**Work order:** Exactly as written, set down each line of the data below except its pictures.

*** Recorded information ***

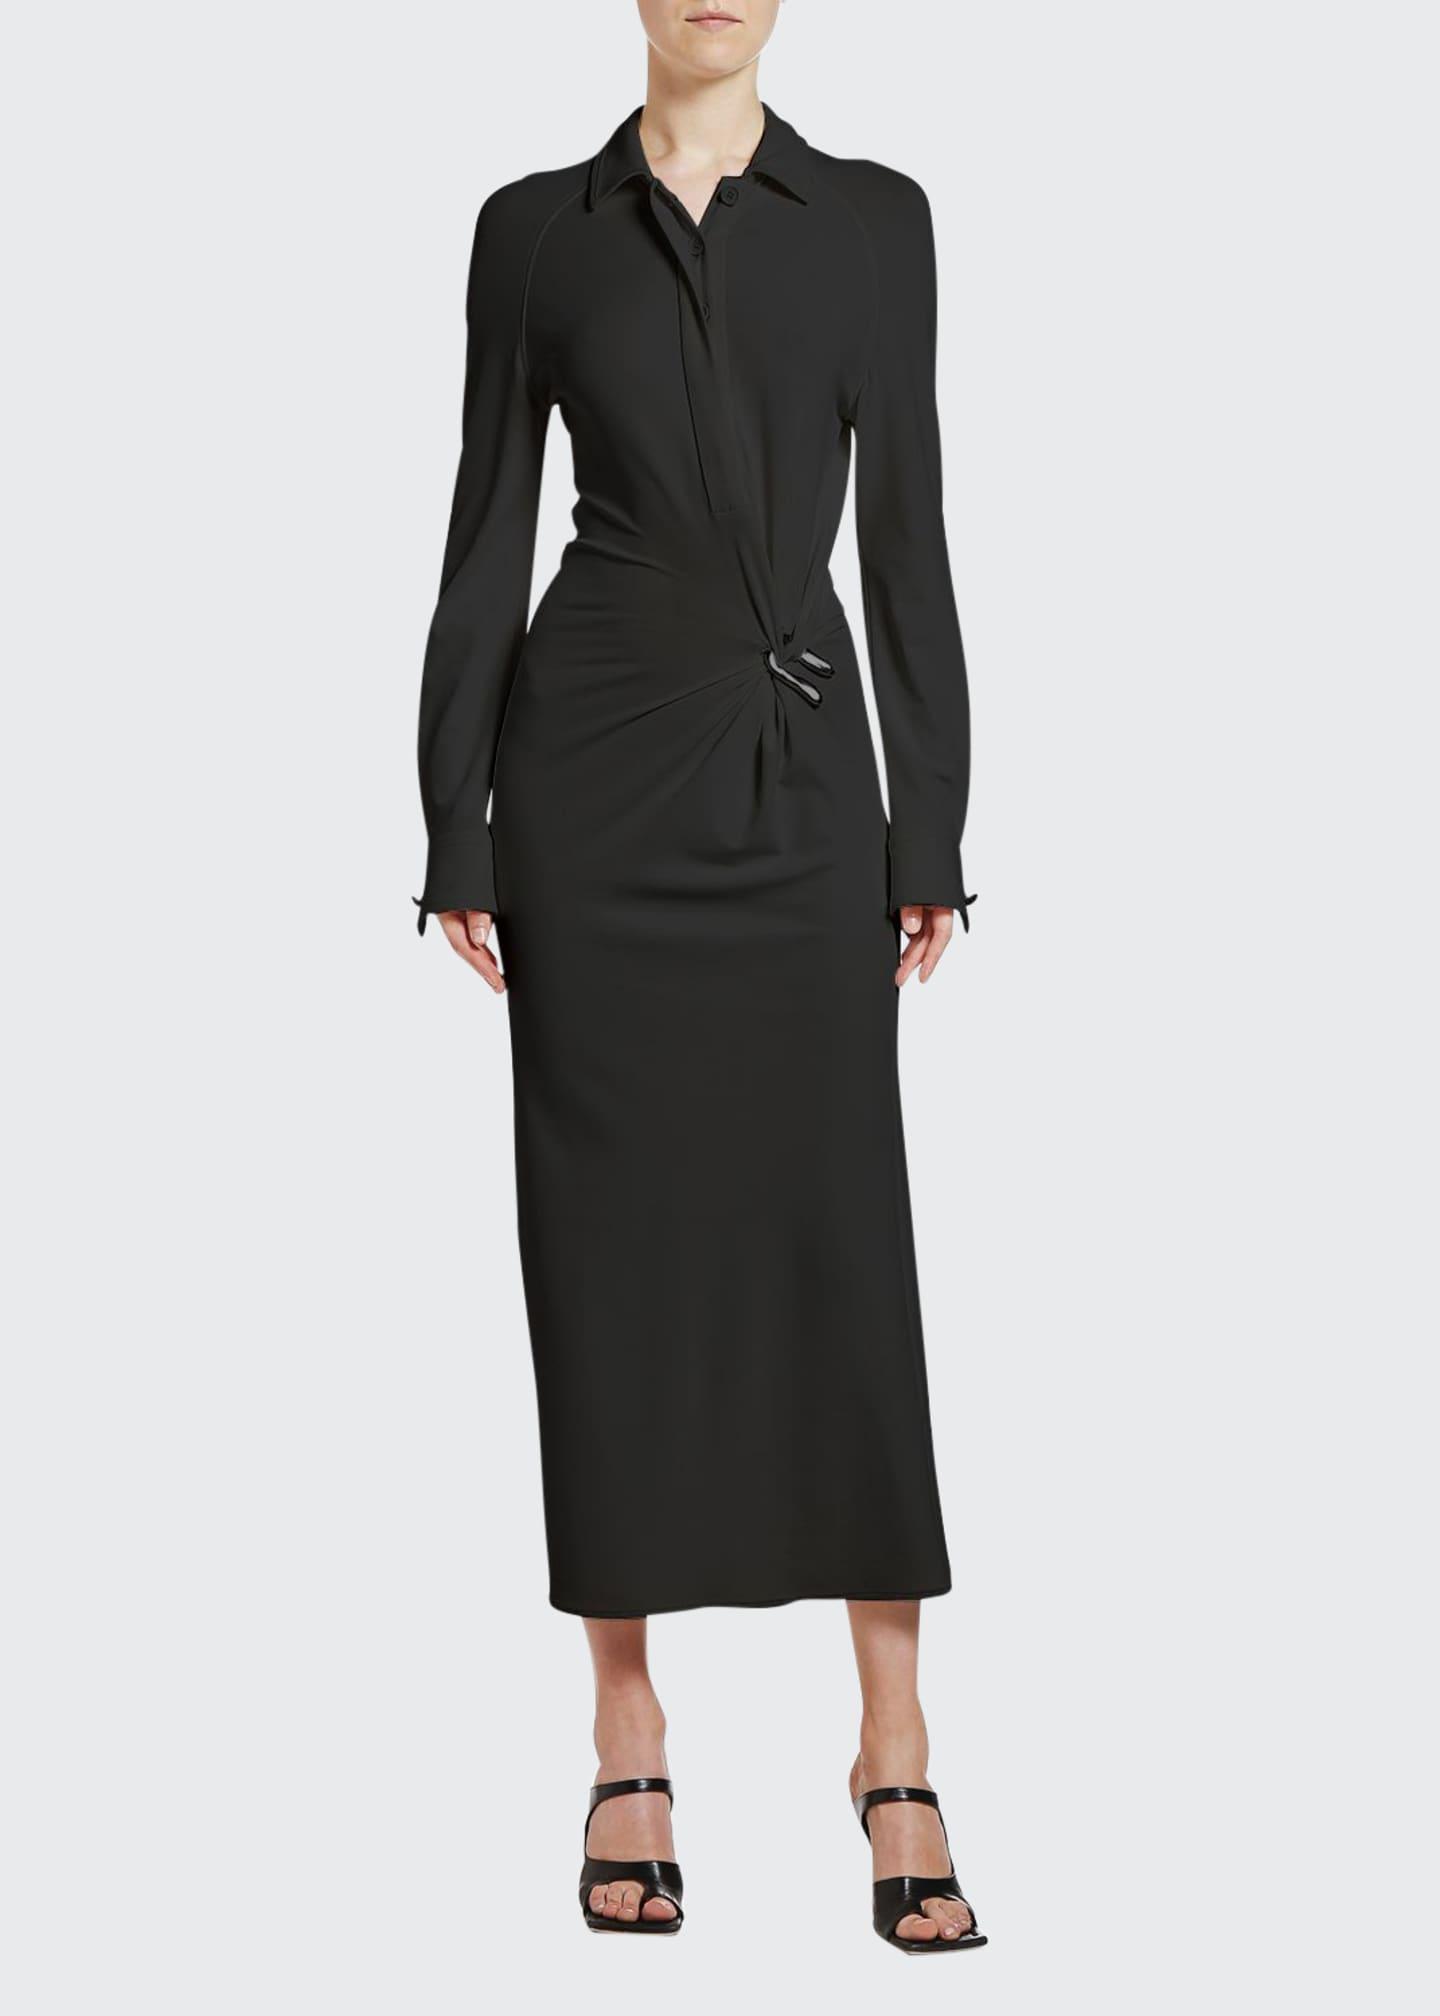 Bottega Veneta Wrapped Midi Shirtdress
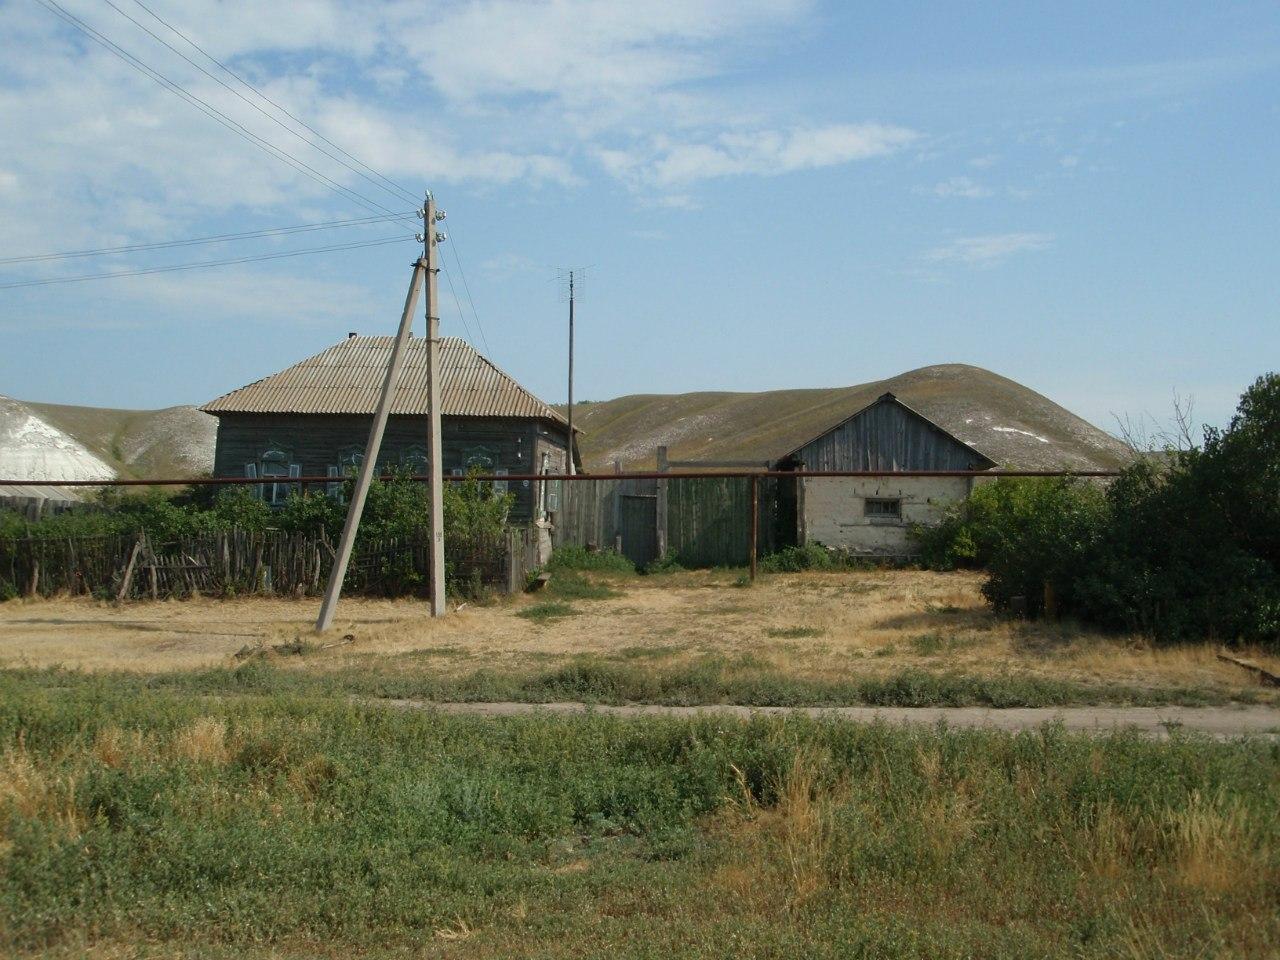 Село Белогорное старообрядческий центр
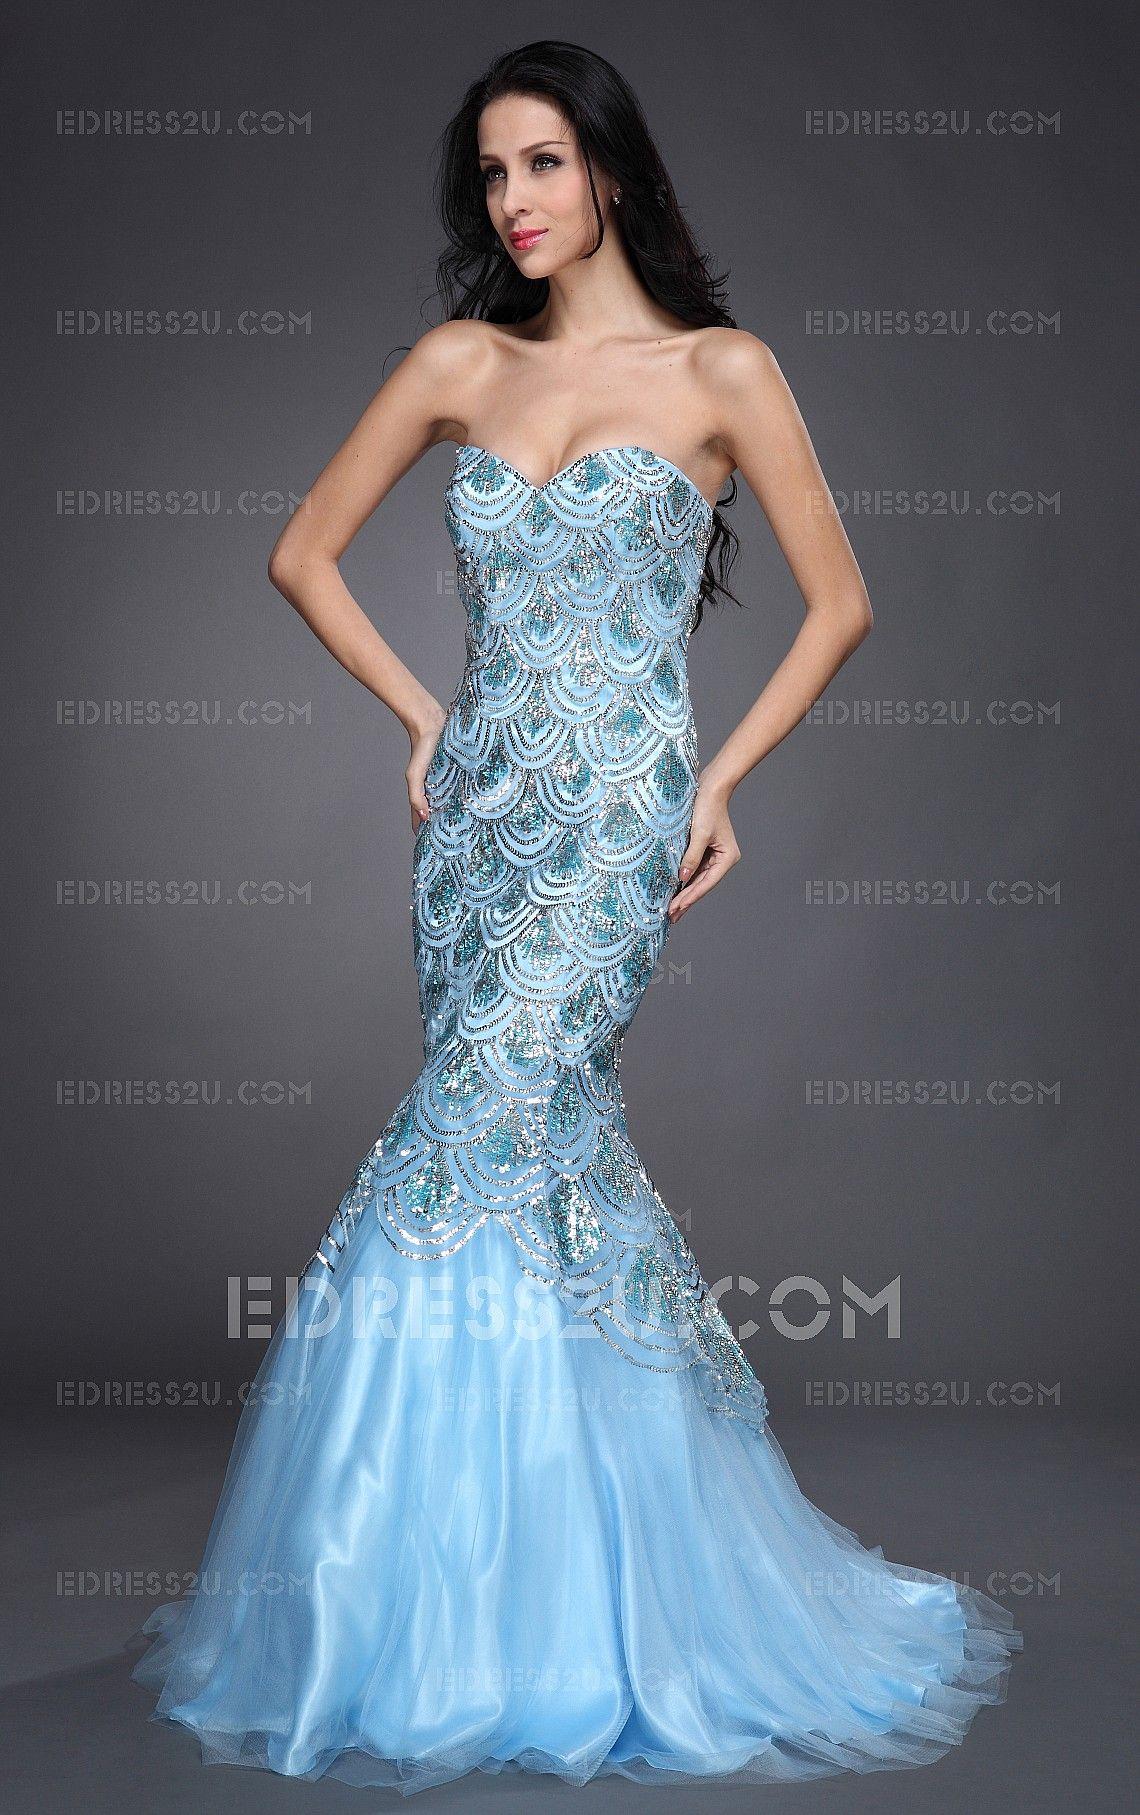 Scale Mermaid Sweetheart Floor-length Dress | Prom | Pinterest ...

*** End of Recorded information ***

**Result of the task:**
 Bottega Veneta Wrapped Midi Shirtdress
 Село Белогорное старообрядческий центр
 Scale Mermaid Sweetheart Floor-length Dress | Prom | Pinterest ...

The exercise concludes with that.